Data excerpt:
....

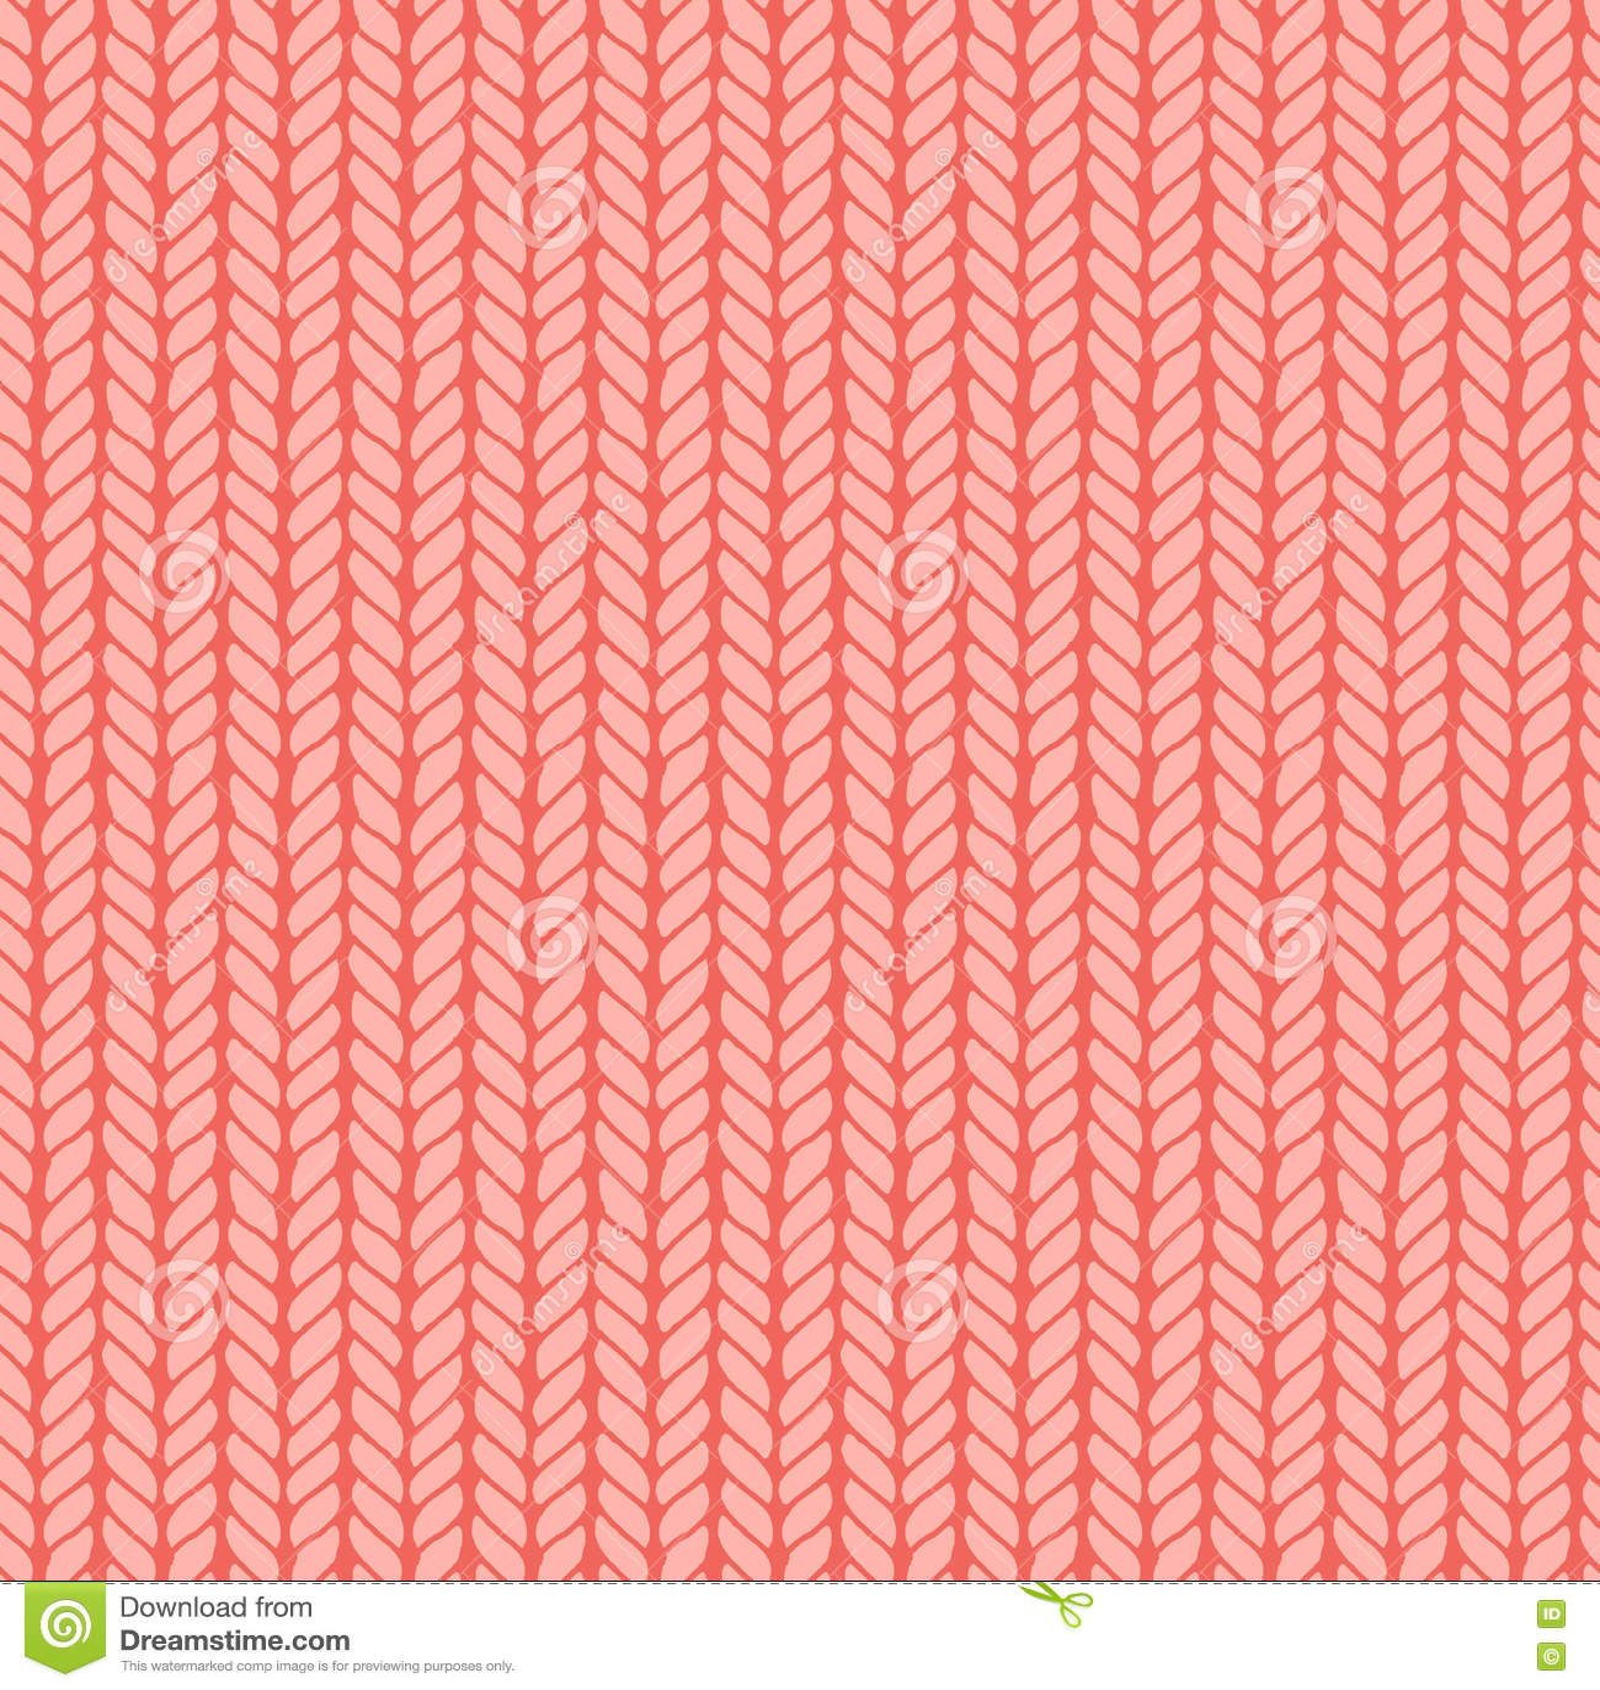 Decorative Knitting Braids Seamless Pattern. Stock Vector ...
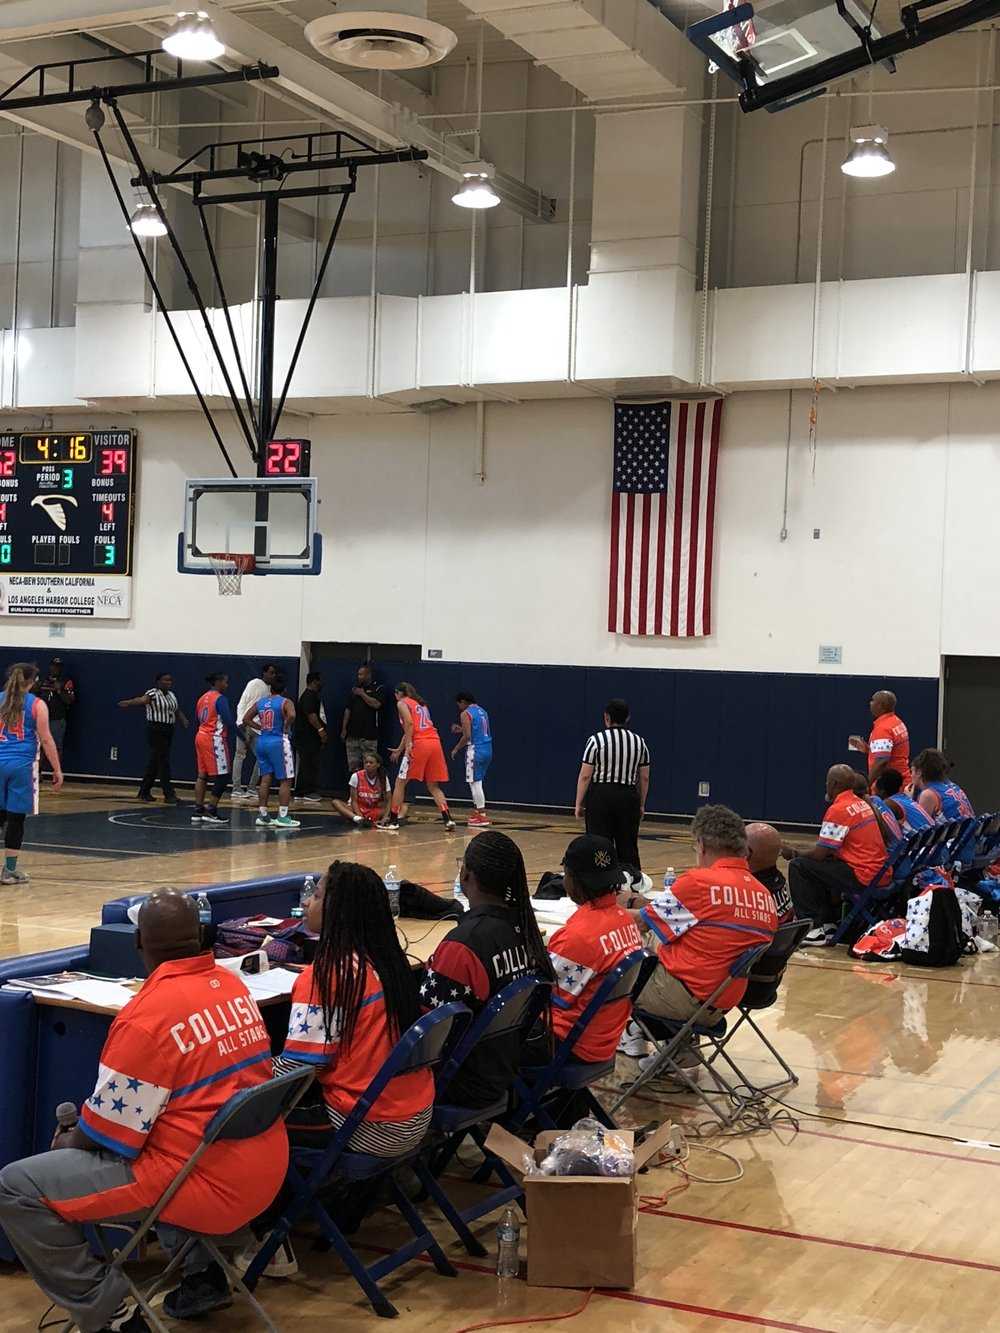 Women's COLLISION Orange Blue White basketball uniforms, jerseys, and shorts
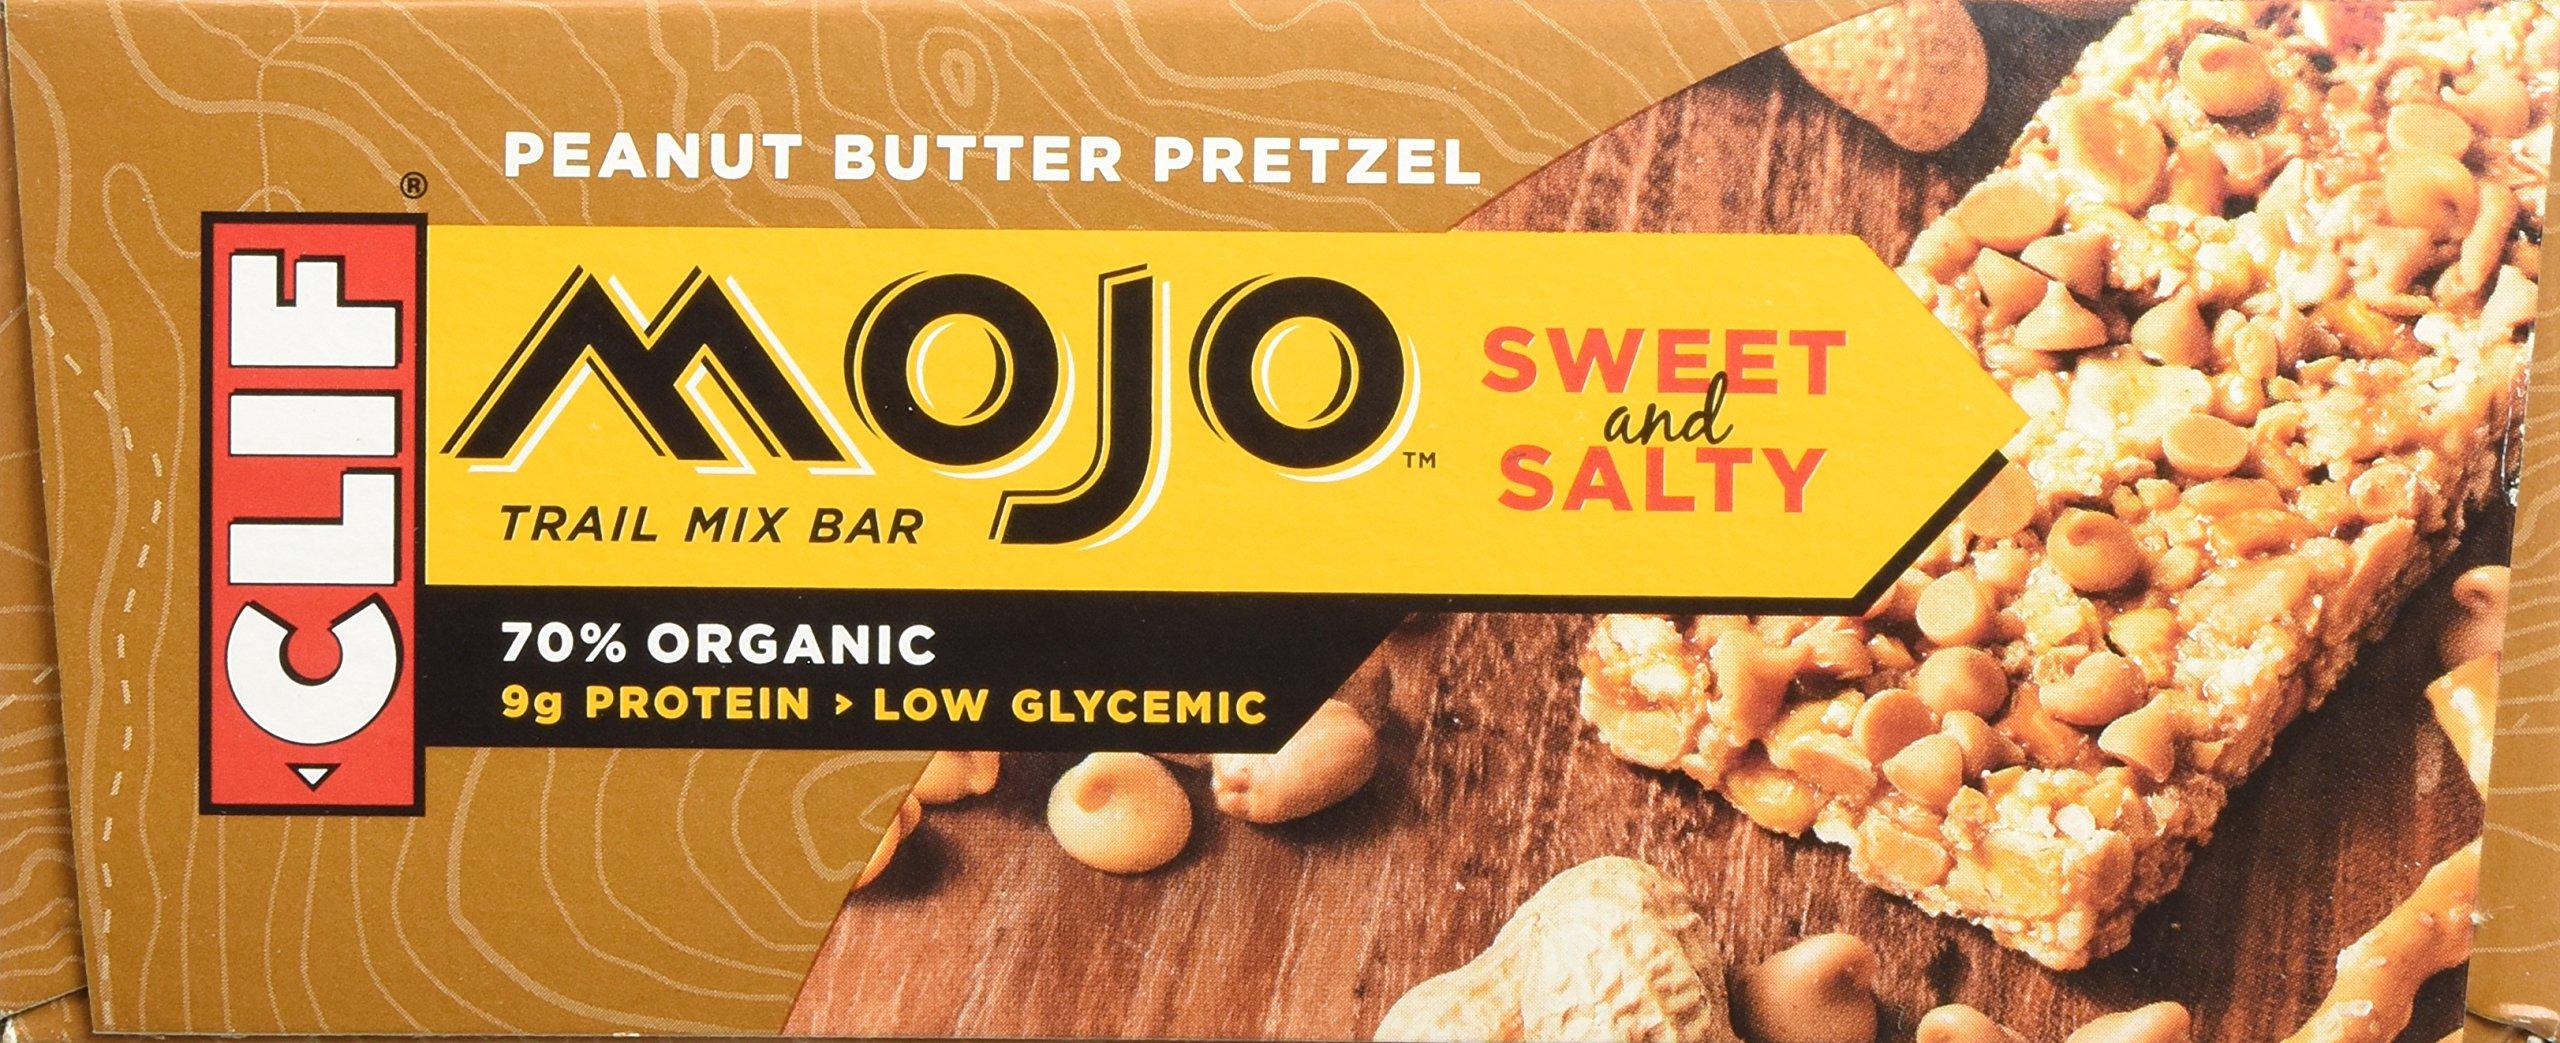 Clif Mojo Bar, Peanut Butter Pretzel, Net Wt. 19.08 Oz. 12 Count (Pack of 2) by Clif Bar (Image #8)

....

Directions for this task:
Everything in the data except the pictures must appear in your answer unchanged.

Solved exercise:
 Decorative Knitting Braids Seamless Pattern. Stock Vector ...
 Women's COLLISION Orange Blue White basketball uniforms, jerseys, and shorts
 Clif Mojo Bar, Peanut Butter Pretzel, Net Wt. 19.08 Oz. 12 Count (Pack of 2) by Clif Bar (Image #8)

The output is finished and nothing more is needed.